Lebensmittelwerbung

Verbraucher versuchen meist, sich möglichst gesund zu ernähren, greifen viele Hersteller von Lebensmitteln und insbesondere von Nahrungsergänzungsmitteln darauf zurück, ihren Produkten wohltuende Eigenschaften zuzuschreiben. Wenn sich diese auf die Gesundheit beziehen, spricht man von sogenannten Health Claims.
Die Verordnung der Europäischen Gemeinschaft Nr. 1924/2006 zu nährwert- und gesundheitsbezogenen Angaben über Lebensmittel, kurz Health-Claims-Verordnung, gilt seit dem 1. Juli 2007 unmittelbar für alle Mitgliedsstaaten. Hierin wurden die allgemeinen Grundsätze und Bedingungen zur Verwendung nährwert- und gesundheitsbezogener Aussagen über Lebensmittel festgelegt, sowie im Anhang die zulässigen nährwertbezogenen Angaben aufgeführt.
Durch ein umfangreiches Prüf- und Abstimmungsprozedere konnten erst mit der Verordnung (EU) Nr. 432/2012 der Kommission am 16. Mai 2012 die ersten 222 erlaubten gesundheitsbezogenen Angaben – nach Vorgabe von Artikel 13 der Health-Claims-Verordnung - veröffentlicht werden.
Die Festlegung der gemäß Artikel 4 der Health-Claims-Verordnung einzuhaltenden Nährwertprofile für die Verwendung von nährwert- und gesundheitsbezogener Werbung wurde bislang noch nicht abschließend durch eine Verordnung geregelt.
Die nachfolgenden Ausführungen geben einen Überblick über die Regelungen der Health-Claims-Verordnung, können aber nicht auf alle Einzelheiten eingehen.
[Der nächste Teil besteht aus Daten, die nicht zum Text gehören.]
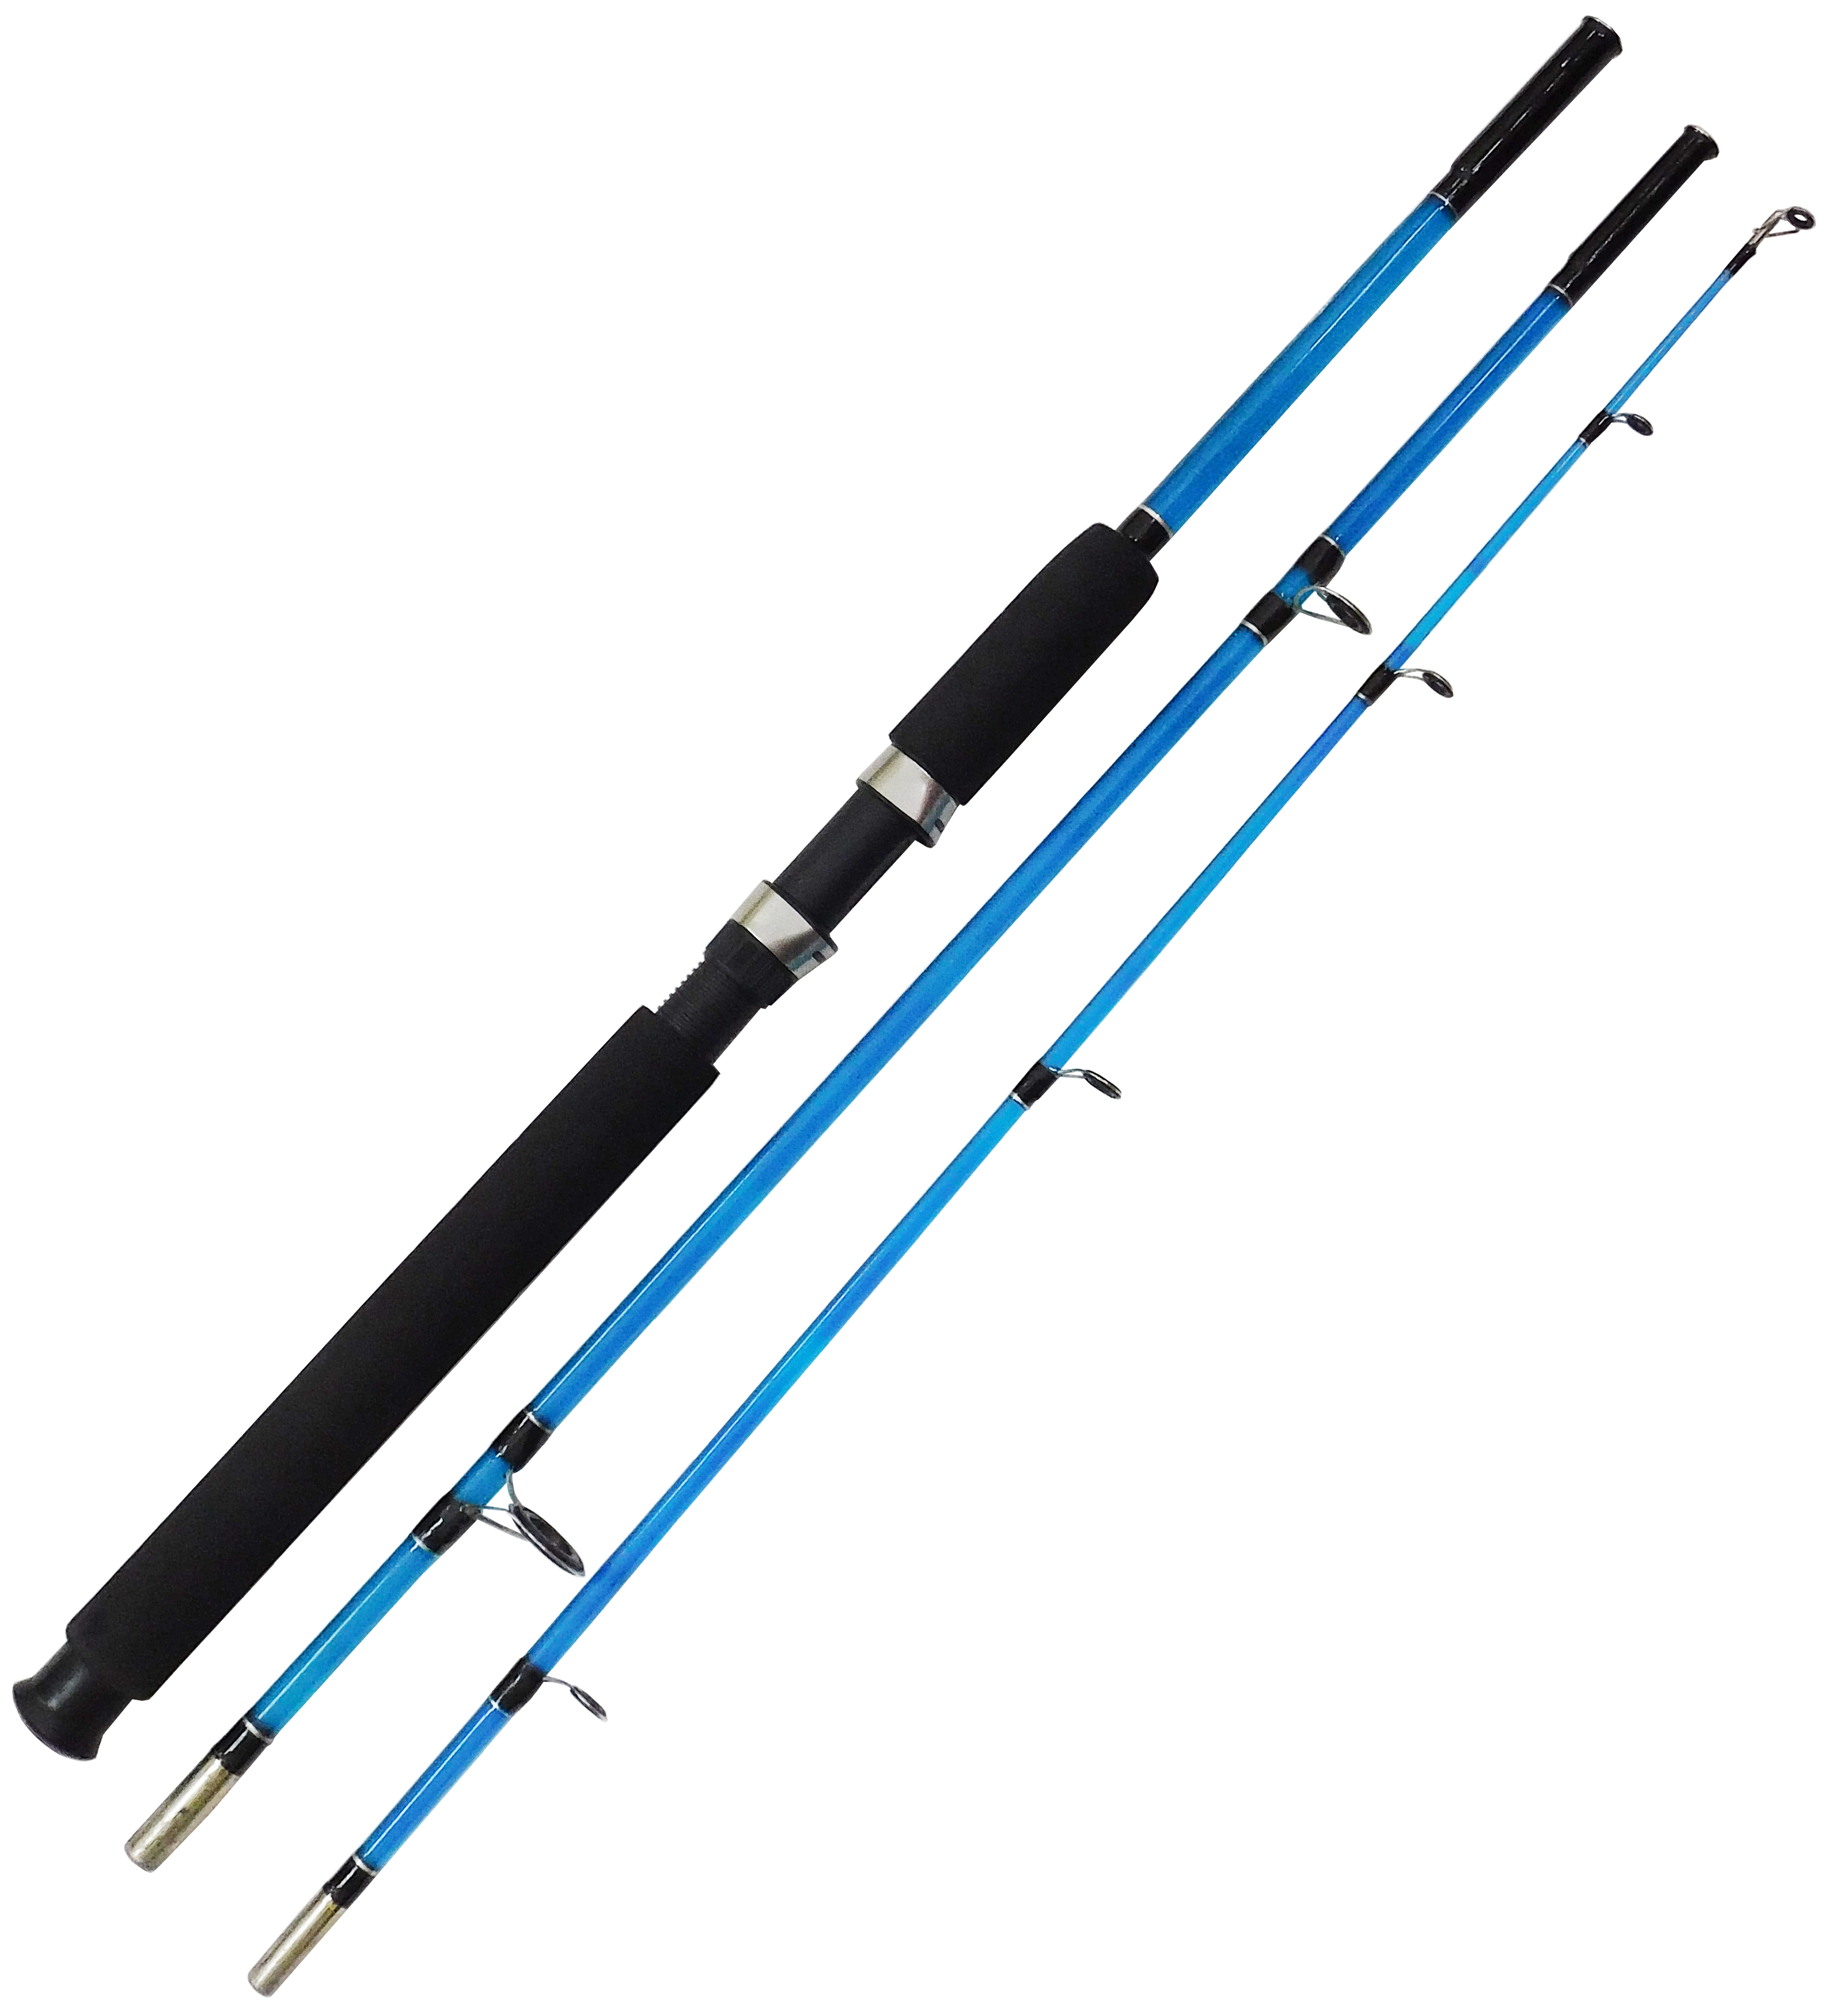 Buy Best Quality German Fiber Three Part Fishing Rod 8ft Online at

Warum überhaupt eine Health-Claims-Verordnung?
 

In den einzelnen Mitgliedstaaten der Europäischen Union bestimmten bisher die unterschiedlichsten Regelungen den Umgang mit freiwilligen werbebezogenen Angaben auf Lebensmitteln. Es wurden zunehmend Lebensmittel mit Angaben auf besondere Produkteigenschaften mit positiver Wirkung auf die Gesundheit, z. B. „fettfrei“, „stärkt die natürlichen Abwehrkräfte“ bis hin zu „verringert das Risiko Herz- und Kreislauferkrankungen zu erleiden“ auf den Markt gebracht. Diesen europaweit uneinheitlichen Regelungen soll mit der Einführung der „Health-Claims-Verordnung“ abgeholfen werden. Durch eine europaweit einheitliche Regelung soll der freie Warenverkehr gewährleistet werden, indem gleiche Wettbewerbsbedingungen herstellt werden. Damit bringt die Verordnung umgekehrt auch Rechtssicherheit für die Unternehmen. Mit der Verordnung soll ferner sichergestellt werden, dass zukünftig „Gesundheitsversprechen“ nur noch zulässig sind, wenn sie eindeutig, präzise und wissenschaftlich abgesichert sind.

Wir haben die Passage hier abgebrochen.